Samsung / walrus

WebAssembly Lightweight RUntime
Apache License 2.0
35 stars 10 forks source link

Fix benchmarker csv format, time and memory results output at same time + Emscripten O2 #248

Closed vorosl closed 2 weeks ago

vorosl commented 1 month ago

I've added -O3 flag to Emscripten

zherczeg commented 1 month ago

x86 64 bit results on my machine:

        Test case        |     interpreter  |    baseline_jit  |    regalloc_jit  |
-------------------------+------------------+------------------+------------------+
                 change  |           5.42s  |   2.14s (2.54x)  |   1.98s (2.74x)  |
              factorial  |           6.48s  |   1.28s (5.07x)  |  0.38s (17.21x)  |
               fannkuch  |           5.93s  |   1.38s (4.29x)  |   0.75s (7.89x)  |
              fibonacci  |           5.44s  |   3.37s (1.61x)  |   3.25s (1.67x)  |
                gregory  |           5.25s  |   3.19s (1.65x)  |   1.80s (2.91x)  |
                  hanoi  |           8.07s  |   2.20s (3.67x)  |   1.49s (5.43x)  |
               heapsort  |           5.56s  |   1.61s (3.46x)  |   0.73s (7.65x)  |
                huffman  |           4.41s  |   1.24s (3.55x)  |   0.50s (8.77x)  |
            kNucleotide  |           4.89s  |   1.62s (3.02x)  |  0.47s (10.31x)  |
        mandelbrotFloat  |         100.53s  |  10.62s (9.46x)  |  3.11s (32.30x)  |
       mandelbrotDouble  |           7.49s  |   4.76s (1.57x)  |   2.35s (3.19x)  |
         matrixMultiply  |          10.18s  |   2.13s (4.78x)  |  0.67s (15.26x)  |
             miniWalrus  |           2.63s  |   0.62s (4.26x)  |   0.28s (9.50x)  |
                  nbody  |           5.42s  |   1.16s (4.68x)  |   0.66s (8.27x)  |
                nqueens  |           6.34s  |   1.29s (4.90x)  |   0.78s (8.17x)  |
                  prime  |           5.11s  |   1.62s (3.15x)  |  0.25s (20.45x)  |
              quickSort  |           5.82s  |   1.53s (3.81x)  |   0.62s (9.33x)  |
               redBlack  |           0.01s  |   0.01s (0.69x)  |   0.01s (0.62x)  |
                    rsa  |           6.30s  |   3.47s (1.81x)  |   2.69s (2.34x)  |
               salesman  |           6.13s  |   1.24s (4.96x)  |  0.59s (10.44x)  |
    simdMandelbrotFloat  |           6.11s  |   1.50s (4.09x)  |  0.36s (16.89x)  |
   simdMandelbrotDouble  |           5.78s  |   1.28s (4.51x)  |  0.43s (13.54x)  |
              simdNbody  |           4.76s  |   1.10s (4.33x)  |  0.37s (13.01x)  |
     simdMatrixMultiply  |           5.33s  |   1.75s (3.04x)  |   0.69s (7.70x)  |
              ticTacToe  |           5.87s  |   1.73s (3.40x)  |   1.25s (4.70x)  |
-------------------------+------------------+------------------+------------------+
     Average speedup     |                  |           3.69x  |           9.61x  |

Most tests run 4-6s with interpreter, so that is pretty good.

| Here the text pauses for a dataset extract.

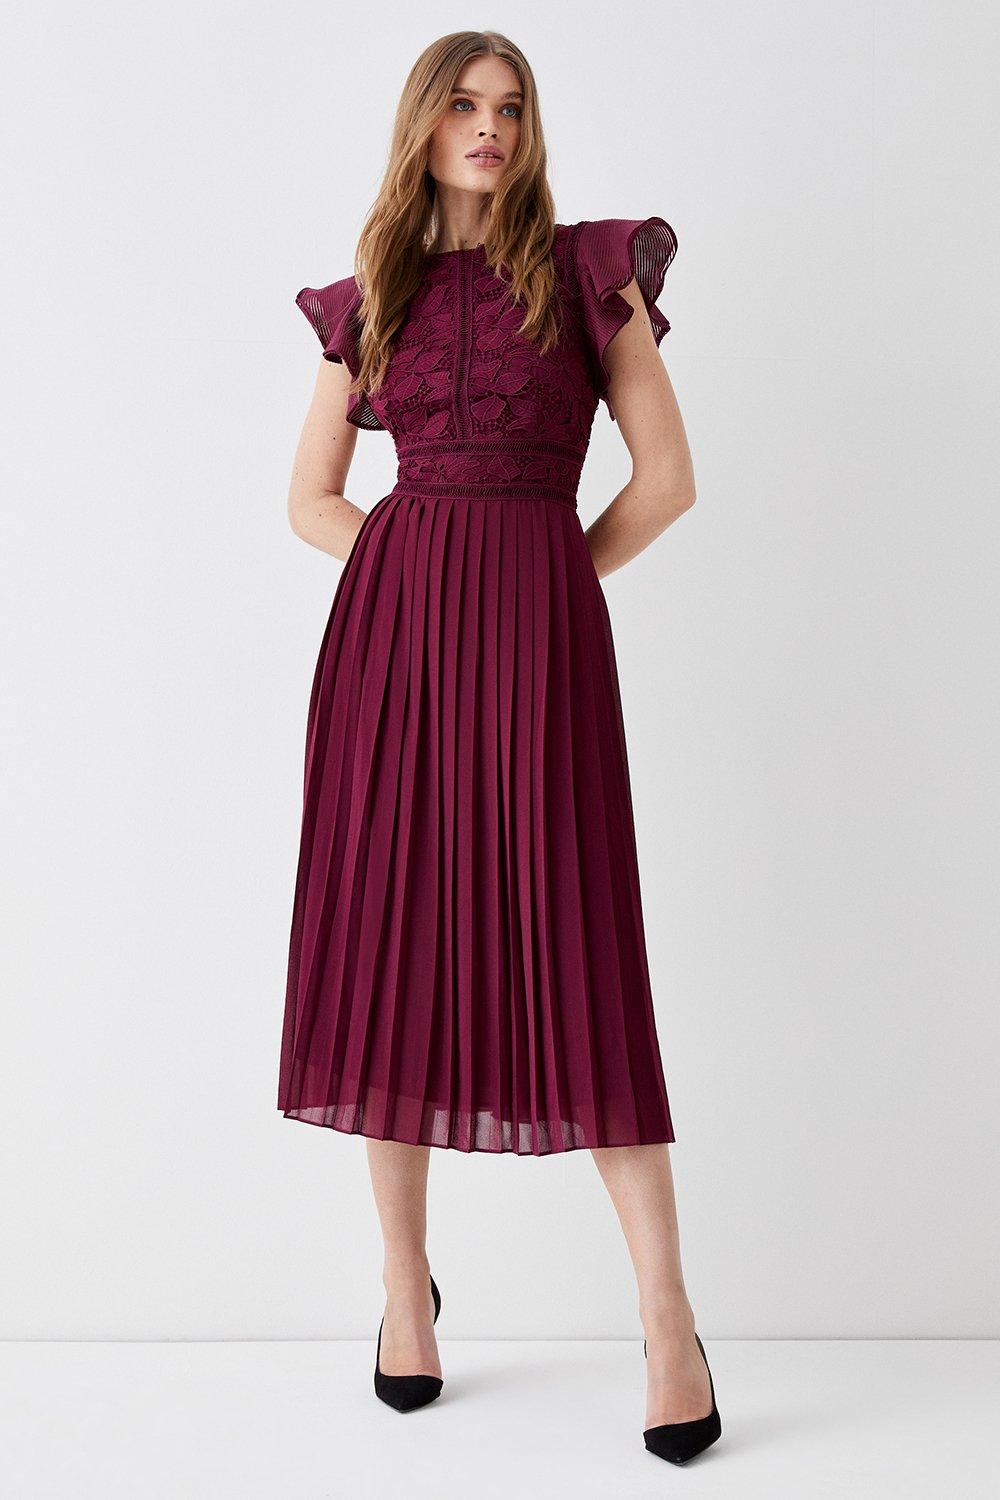 Dresses | Organza And Trim Insert Lace Top Pleat Dress | Coast

Few runs faster, but some are much slower, e.g. mandelbrotFloat is 100s. It seems redblack does not work at all, even with interpreter. Probably #242 hit again.

I will check 32 bit next.

zherczeg commented 1 month ago

32 bit results, needs #252

        Test case        |     interpreter  |    baseline_jit  |    regalloc_jit  |
-------------------------+------------------+------------------+------------------+
                 change  |           7.46s  |   2.95s (2.53x)  |   2.45s (3.05x)  |
              factorial  |           8.40s  |   1.50s (5.61x)  |  0.64s (13.21x)  |
               fannkuch  |           7.11s  |   1.68s (4.23x)  |   0.75s (9.46x)  |
              fibonacci  |           8.69s  |   5.18s (1.68x)  |   5.12s (1.70x)  |
                gregory  |           9.43s  |   3.61s (2.61x)  |   2.61s (3.61x)  |
                  hanoi  |          10.10s  |   3.05s (3.31x)  |   2.42s (4.17x)  |
               heapsort  |           6.57s  |   1.60s (4.11x)  |   1.00s (6.60x)  |
                huffman  |           5.10s  |   1.09s (4.68x)  |   0.58s (8.74x)  |
            kNucleotide  |           6.05s  |   1.61s (3.76x)  |  0.38s (16.10x)  |
        mandelbrotFloat  |          97.47s  |  10.95s (8.90x)  |  3.74s (26.09x)  |
       mandelbrotDouble  |          14.93s  |   7.23s (2.06x)  |   5.10s (2.92x)  |
         matrixMultiply  |          11.98s  |   1.91s (6.26x)  |  0.87s (13.84x)  |
             miniWalrus  |           3.17s  |   0.46s (6.86x)  |   0.39s (8.07x)  |
                  nbody  |           6.73s  |   1.44s (4.67x)  |   0.75s (8.98x)  |
                nqueens  |           7.94s  |   1.33s (5.99x)  |   0.87s (9.09x)  |
                  prime  |           6.33s  |   1.76s (3.59x)  |   0.97s (6.54x)  |
              quickSort  |           6.96s  |   1.30s (5.36x)  |  0.67s (10.41x)  |
               redBlack  |           0.01s  |   0.01s (0.67x)  |   0.02s (0.64x)  |
                    rsa  |           7.62s  |   4.72s (1.62x)  |   4.40s (1.73x)  |
               salesman  |           7.55s  |   1.31s (5.77x)  |   0.89s (8.51x)  |
    simdMandelbrotFloat  |           7.65s  |   1.26s (6.06x)  |  0.30s (25.41x)  |
   simdMandelbrotDouble  |          11.30s  |  1.05s (10.81x)  |  0.55s (20.58x)  |
              simdNbody  |           5.83s  |   1.23s (4.75x)  |  0.45s (12.80x)  |
     simdMatrixMultiply  |           7.75s  |   1.58s (4.90x)  |  0.51s (15.31x)  |
              ticTacToe  |           7.59s  |   1.71s (4.43x)  |   1.67s (4.54x)  |
-------------------------+------------------+------------------+------------------+
     Average speedup     |                  |           4.61x  |           9.68x  |
vorosl commented 1 month ago

It depends on https://github.com/Samsung/walrus/pull/255

clover2123 commented 3 weeks ago

BTW who is the author among @vorosl @vlacko0930 ?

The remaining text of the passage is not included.